To illustrate this we depict components that need to be treated as cytosolic as green for cell 1 and as purple for cell 2. Extracellular membrane-bound components are depicted in blue (Supplementary Fig. 1b,c). C1 and C2 perform free 3D diffusion as unbound molecules. After their association with the transmembrane receptors R1 and R2, they are confined to 2D membrane-guided diffusion. Another important difference between a non-spatial and a spatially-resolved simulation of the model is that in the latter case molecular complexes need to be accounted for in multiple locations simultaneously. As one example, the receptor-receptor association (reaction (2)) creates a complex that is ‘visible’ in five distinct spatial regions: cytoplasm 1, membrane 1, intercellular space, membrane 2 and cytoplasm 2. In a simulation that tracks individual complexes, the interaction possibilities of these intercellular transmembrane complexes would follow naturally from their individual positions in space: complexes that are spatially very close to each other can react (Supplementary Fig. 1c). However, switching to what is usually a far more efficient approach by simulating the dynamics of molecular concentrations in two discretized, grid-like representations of the membranes and adjacent volumes of the two interacting cells means giving up the information about locations of individual molecule complexes (Supplementary Fig. 1d). The algorithms updating the concentrations over time of molecular complexes that are present in multiple adjacent membrane and volume elements thus need to be able to model these interdependencies on the ensemble level (local concentrations of complex species) even though, physically, they arise at the level of individual complexes. For example, the association of C1:R1 and R2 in two adjacent membrane grid elements depicted by the red squares in Fig. 1d increases the concentration of the product complex C1:R1:R2 in the two membrane grid elements and their associated volumes (sub-membrane and intercellular). It decreases the concentration of C1:R1 in the grid element on the left (cell 1) and of R2 in the grid element on the right (cell 2). Thus, while the rate of this reaction depends only on the concentrations of C1:R1 and R2 in the intercellular space hosting the interaction, the formation of the larger complex changes the concentrations of complexes in multiple additional locations.

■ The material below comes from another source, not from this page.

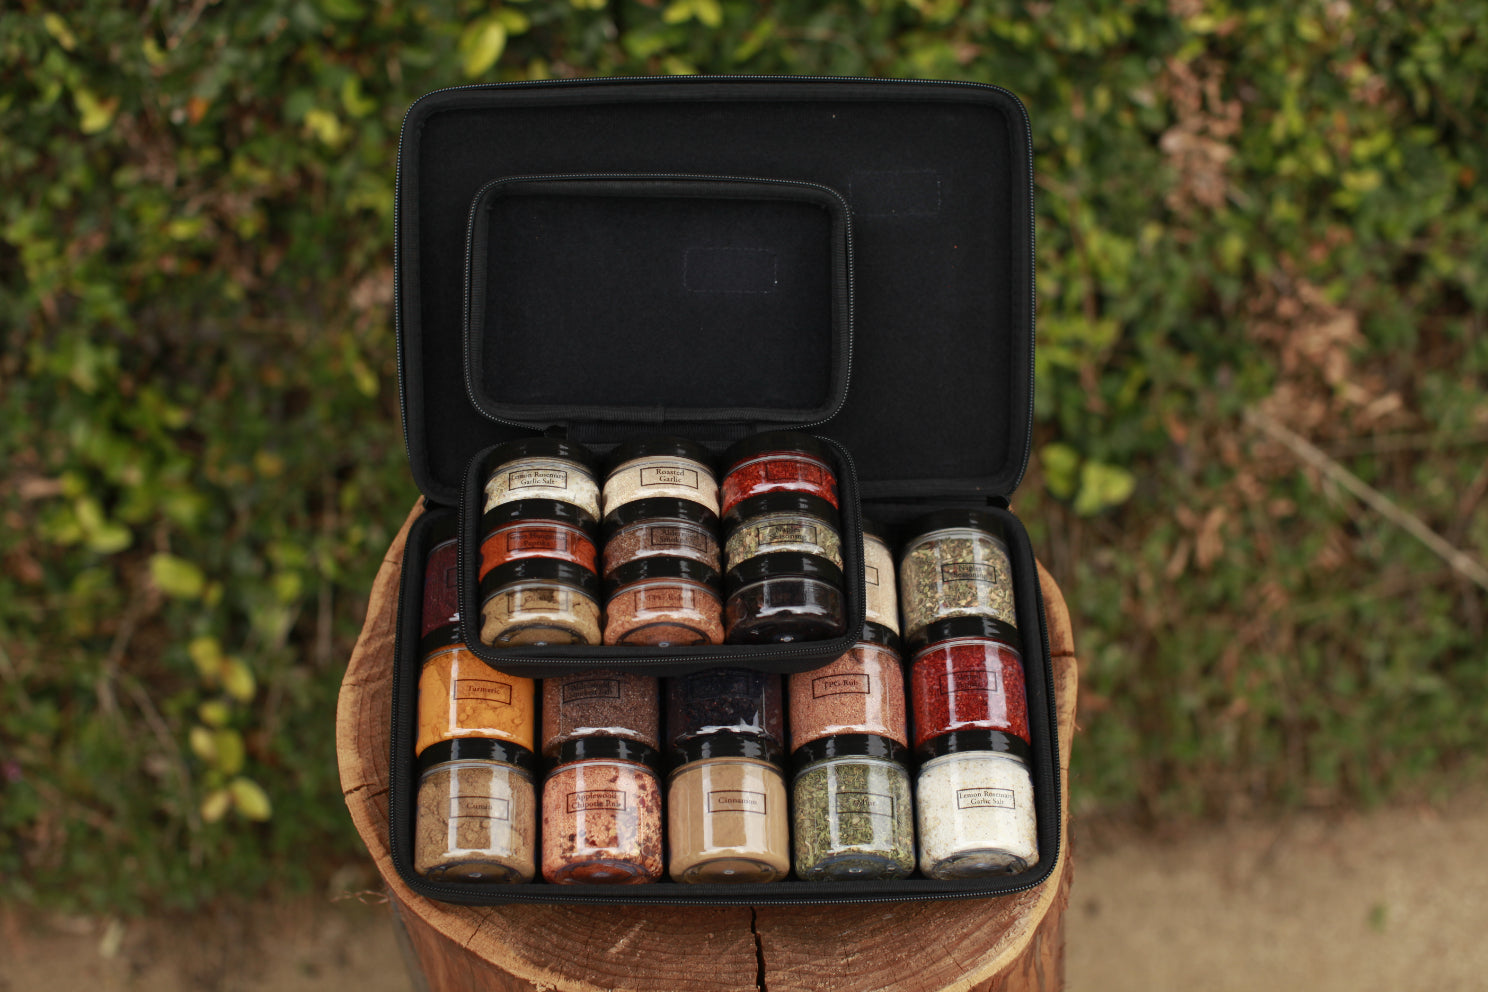 Pocket Spice Box – Townsends

To address these issues we developed algorithms that construct the computational representations of reaction networks for individual volume (or membrane) elements based on their local geometry and the locally available molecular components, as opposed to using interaction rules to generate a global reaction network and then mapping it onto discretized spatial structures. The latter approach would have difficulties simulating situations in which multimolecular complexes could exist in multiple versions that, while biochemically identical, nonetheless differ with regard to the roles they play within the modeled cellular geometry. The adhesion receptors ICAM-1 and LFA-1, both expressed on interacting T- and B-lymphocytes, are biological examples of this situation. Here, both cells express the equivalents of R1 and R2 (ICAM-1 and LFA-1). The complex ICAM-1:LFA-1 can thus mean two things: ICAM-1 is anchored on the T-cell and LFA-1 on the B-cell, or vice versa. The purely biochemical, theoretical interaction possibilities of the intercellular complex as part of a non-spatial signaling network are identical in both cases but the algorithm simulating the network’s reaction dynamics in space now needs two representations in each grid element with distinct local reaction rules. Using the biochemically simpler system of E-cadherin receptor homodimerization, we discuss in Fig. 1 and Supplementary Note 2a how our approach builds local reaction networks capable of correctly handling such situations by encoding the spatial localization of the components of multi-molecular complexes to be able to dynamically assemble and disassemble complexes connecting multiple distinct spatial regions. This approach solves the above-mentioned problem: components involved in the formation of trans-membrane complexes ‘know’ where they come from, thereby making it straightforward to assign target volume (or membrane) elements to the fragments of dissociating complexes. The information contained in the complexes (origins of their components, list of complex interactions that can generate them, list of decays that disintegrate them into fragments) is then translated into sets of equations encoding the concentration changes (and their kinetic rates) of the complexes in the system (Supplementary Note 3a).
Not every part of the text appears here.